Chemical imbalance has a lot to do with depression, however, I do feel that through God's strength, He can overcome that. I went through a period of depression for a long time, and I refused to take any sort of antidepressants due to the fear of gaining weight. (Fricken vanity I tell ya!) But, in any case, I got through it with prayer and drawing closer to God. And I DO believe that I have a chemical imbalance because I'm prone to it, and it runs in my family...but if I am close to God, it fades away. Weird, right? Everyone's different and needs different sort of help in that way. Also, I believe that God gave us the gift of "doctors". It's in the bible, ....which doctors prescribe medication to those who are in need.

{{hugs}}

8:32 AM  
Blogger DaBich said...

Kathi, you amaze me more every day.
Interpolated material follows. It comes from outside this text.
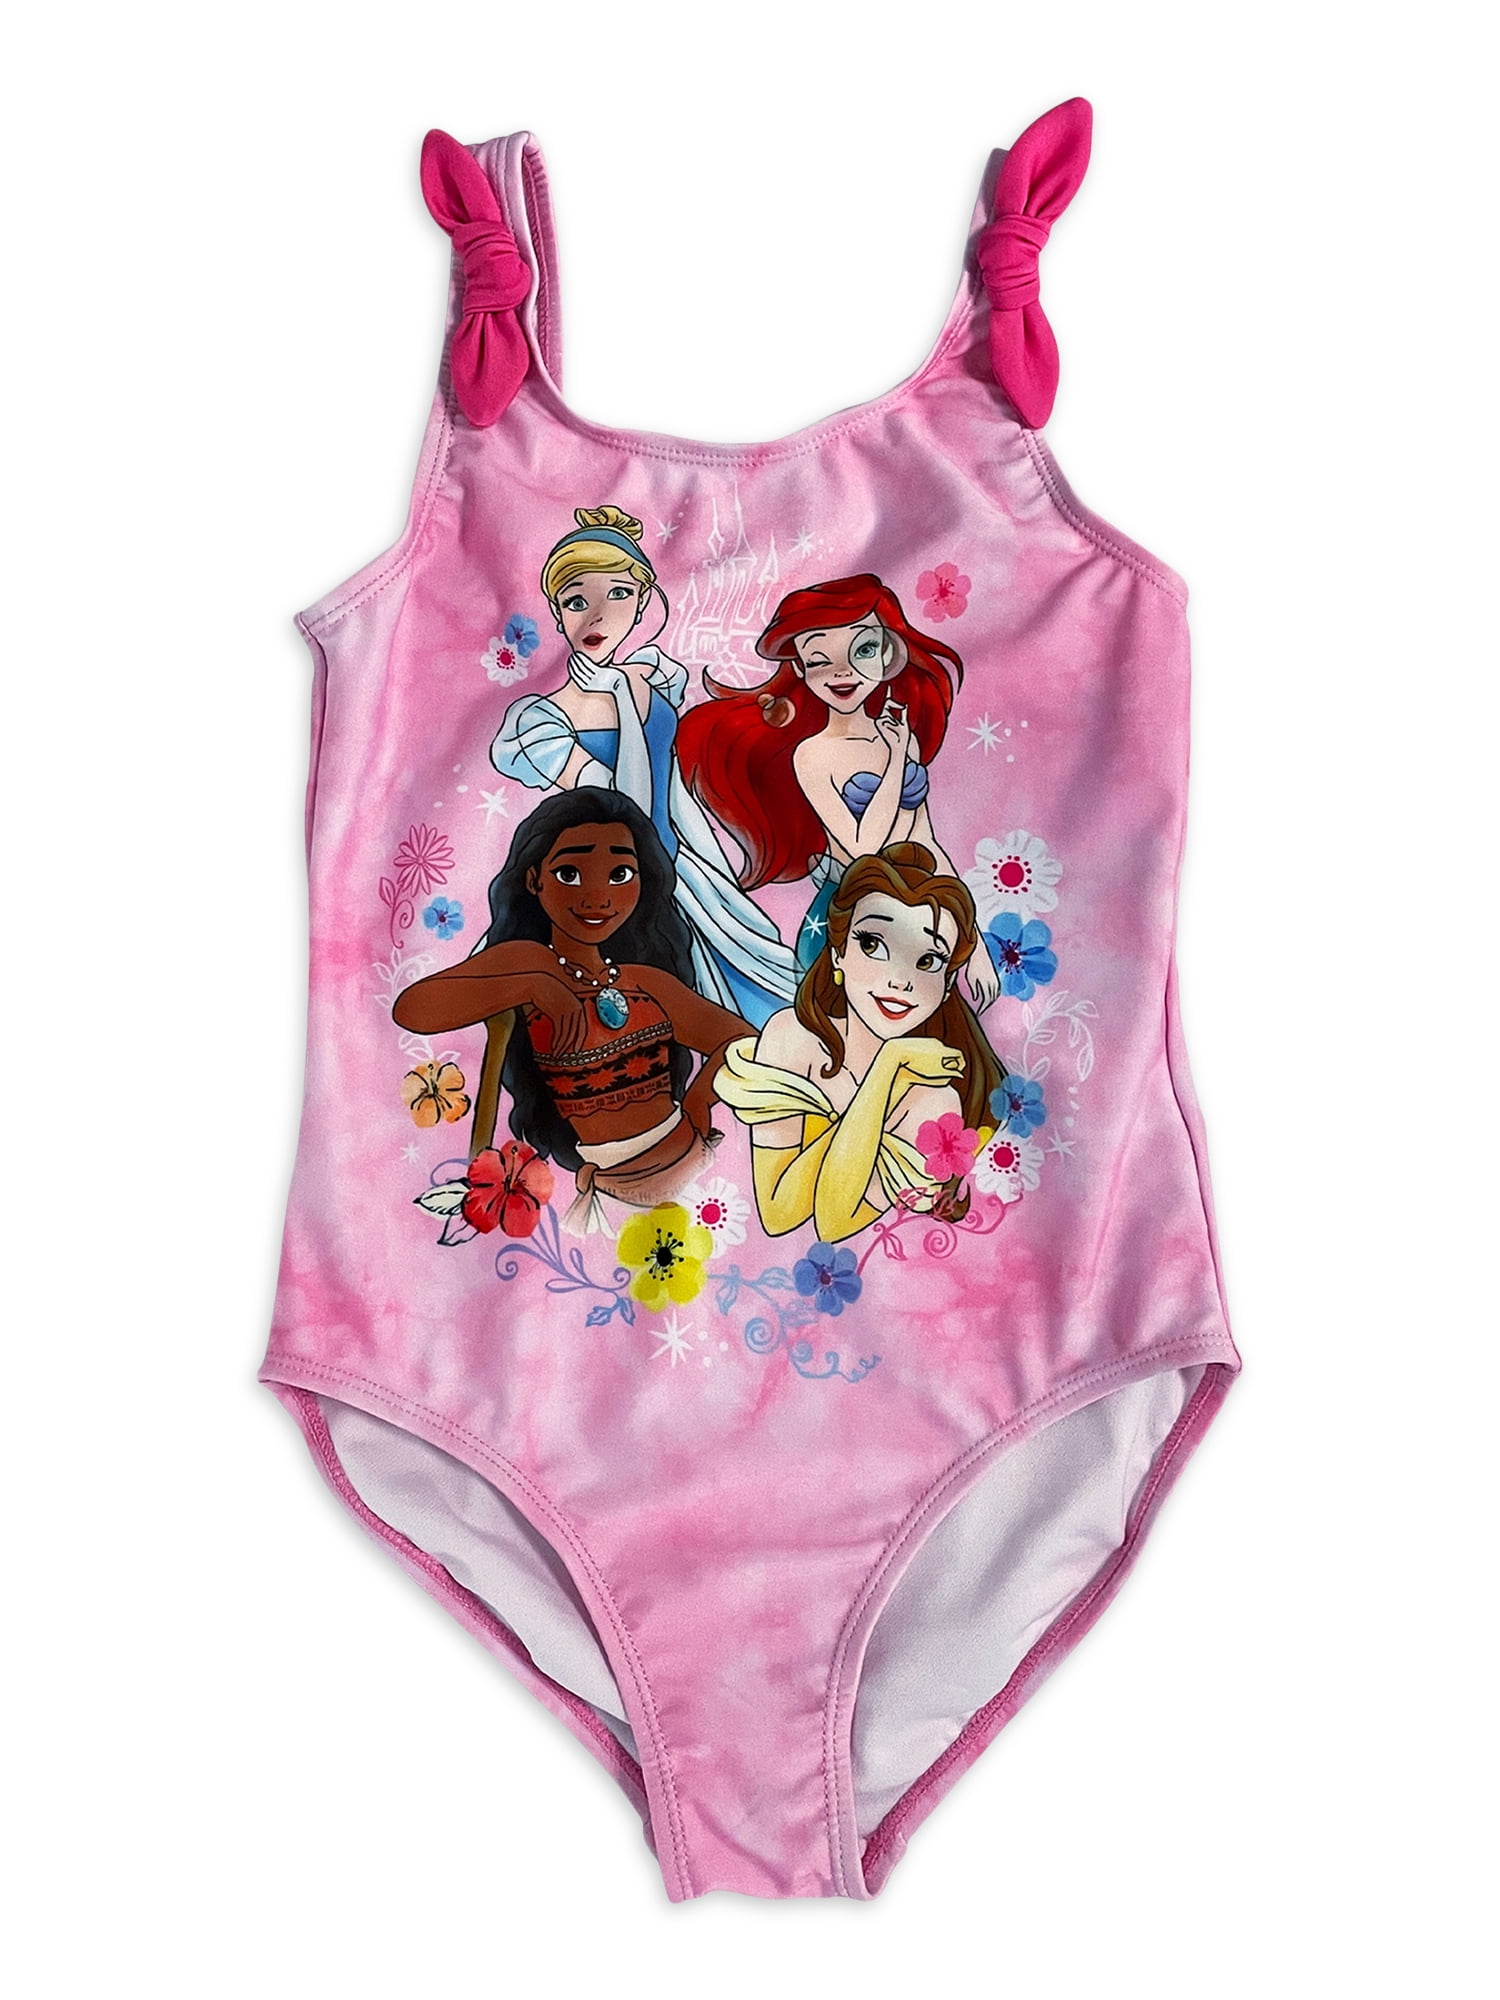 NWT Disney Store Disney Princess Swim Cover-Up for Girls 4 5 6 7 8 9 10 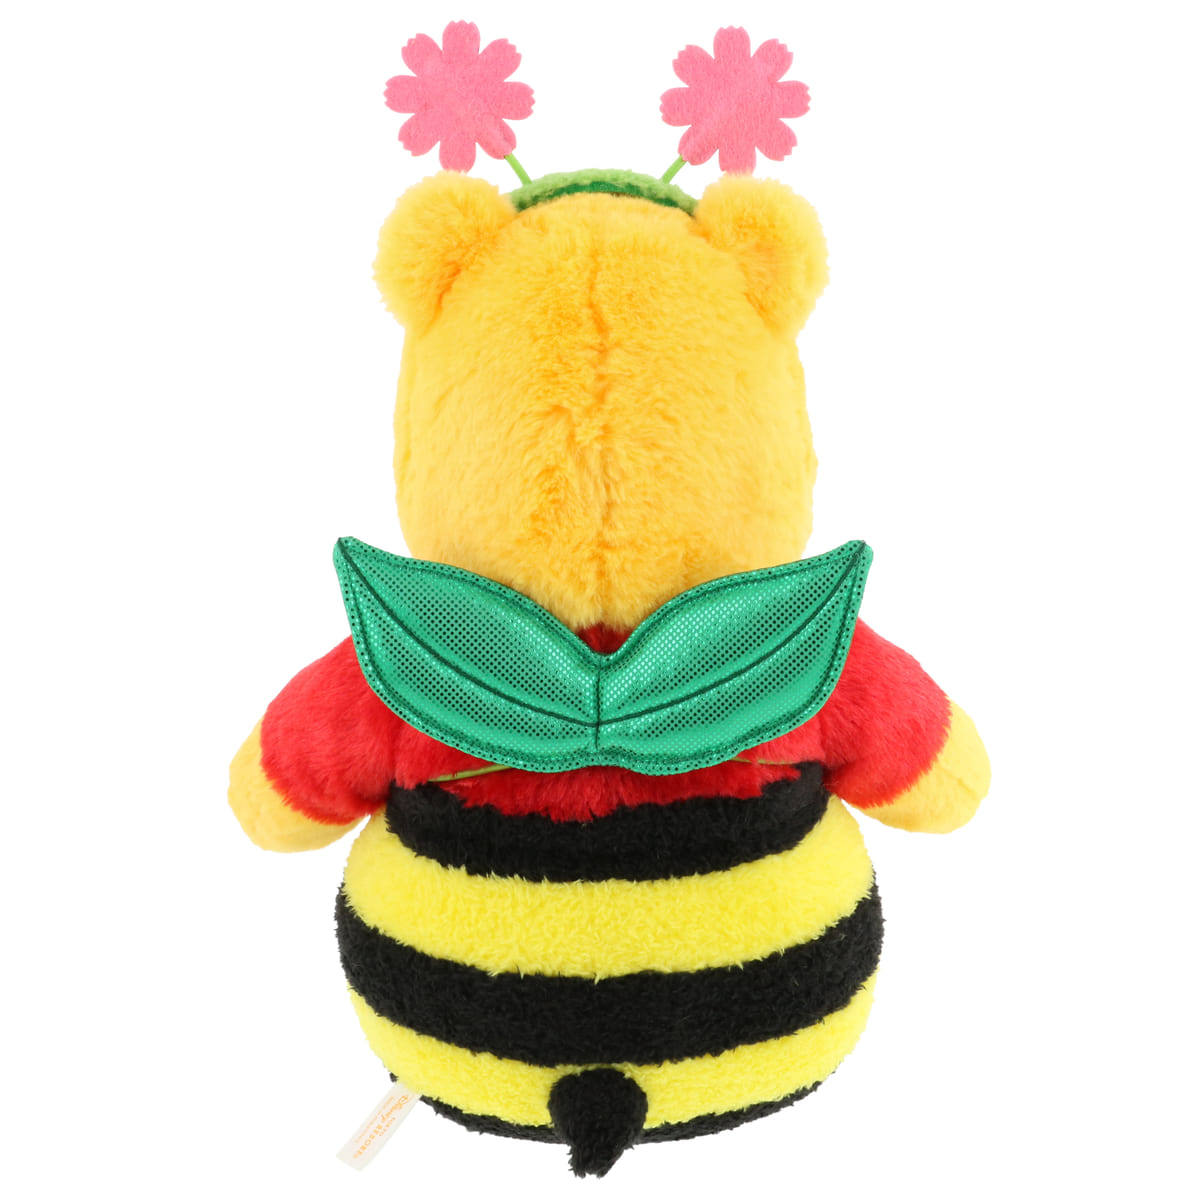 ハチに仮装したくまのプーさん 東京ディズニーリゾート ディズニー ハロウィーン22 グッズ Dtimes

You're a light to many of us, keep up the good work!
HUGZ!

10:41 AM  
Blogger kathi said...

dzer ~ goof!

deb ~ true, and hugs right back at'cha.

dabich ~ wow, that's an extremely kind thing to say, thank you. Hugz back at you, too!

6:19 PM  
Blogger Margie said...

I am so proud of you!
And, proud to know you!
When you come to my blog n comment, I always have a feeling of joy... as you always are so kind...and make me feel good!

Blessings to you always!

6:21 PM  
Blogger DaBich said...

Kind my gazoo :P

It's just true! :)

8:33 PM  
Blogger HuneeB said...

Kathi this is a beautiful post, I am so glad that this is the path you decided for you and your boys.